Lettre 749 : Pierre Bayle à David Constant de Rebecque

A Rotterdam le 26/16 de juillet 1690

Voici mon tres cher Monsieur, la premiere occasion que je trouve de vous ecrire depuis que je manquai celle de Mr Arthaud frere de Mad le Falque [1], qui me rendit votre derniere le mois de septembre dernier [2]. Je vous ai deja marqué qu’il y a peu de gens qui aillent d’ici en Suisse [3], du moins j’en suis tres peu averti quoi que je m’en informe soigneusement. C’est la raison que j’ai attendu en vain plus de 10 mois une voie d’ami pour vous renouveller les assurances de ma sincere amitié, et de mon estime singuliere pour vous. J’en trouve aujourdhui une à mon souhait, et je m’en sers avec la plus grande joie du monde, et d’autant plus que non seulement je puis charger Messieurs Le Gendre  [4] (ils vont aprendre à monter à cheval à Geneve) d’un billet, mais aussi de quelques imprimez que nous avons depuis peu. Je vous en parlerai cy-dessous.

Il faut qu’avant toutes choses je vous temoigne mon deplaisir de n’avoir pas conu Mr Arthaud pour ce qu’il etoit. C’est que je ne voulus pas user de la familiarité • d’ouvrir en sa presence la lettre qu’il me donna de votre part : je la mis dans ma poche toute cachetée, je l’entretins le mieux qu’il me fut possible, sur tout de vous, et de toute votre famille ; puis nous passames aux affaires d’Etat, et à la conduite de M rs les cantons, au siege de Maience [5] qui tendoit alors à sa fin ; du tems se passa, il ne me dit point qui il etoit, se contentant de me dire en general qu’il passoit en Angleterre pour des emplettes ; je lui trouvai bien du bon sens, je lui fis offre de service en tout ce qui depend[r]oit de moi, et avant que de nous separer il fut convenu que je tiendrois ma reponse / prete, parce qu’il feroit le moins de sejour qu’il pourroit en Angleterre, et que ne sachant pas s’il pourroit me venir voir à son retour, j’enverrois ma reponse à son logis ici pour plus grande seurté. Dés qu’il fut parti, j’ouvris • votre lettre, et aprenant qu’il etoit frere de M le Falque, je me sentis doublement animé à l’aller voir ; je fus à son cabaret ; je trouvai qu’il etoit sorti et puis qu’il etoit allé à La Haye et enfin en Angleterre. Je fis promettre à l’hotesse, que dés qu’il seroit retourné elle m’en feroit avertir, mais c’est ce qu’elle n’a pas fait, et je n’ai pu decouvrir depuis rien de lui. Ainsi un assez gros paquet que j’avois tout pret pour vous, contenant diverses pieces de poesie et de prose • toutes fraiches, et qui presentement n’auroient plus la grace de la nouveauté, est demeuré entre mes mains. Je vous fais ce detail pour me justifier dans votre esprit de tout ce que vous aurez pu soupconner en ne recevant point de mes nouvelles par le retour du frere de la bonne demoiselle Falque. Madame la baronne de Frise [6] a passé par ici en allant et revenant d’Angleterre, où est Mr son epoux mais non pas la susdite demoiselle [7].

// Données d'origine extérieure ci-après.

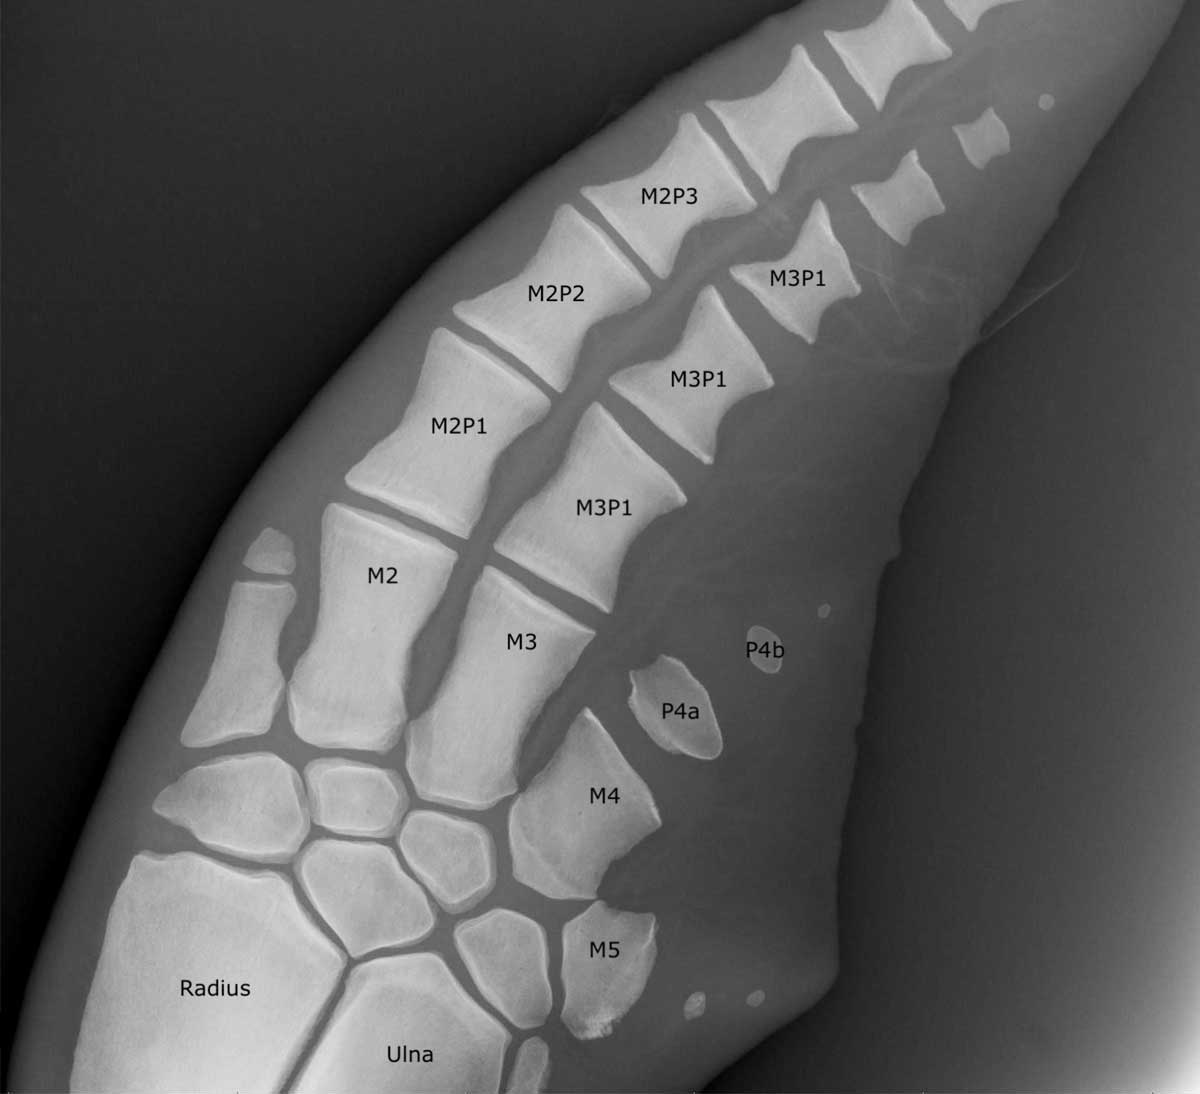 NMMF labelled dolphin pec radiograph

J’entre tout à fait dans vos raisons au sujet de la Lettre au bourgmestre de Soleurre, de laquelle vous avez tres-bien deviné l’auteur [8]. Les gens du meilleur gout ici ont trouvé mauvais qu’il ne se soit point borné aux ecrits de sa profession, et qu’il se soit tant melé de • repandre de petits ecrits de politique, qui sans le secours de l’animosité immoderée contre la France, passeport asseuré presentement pour toute sorte de livres bons ou mauvais d’ailleurs, auroient eu tres peu d’approbateurs [9].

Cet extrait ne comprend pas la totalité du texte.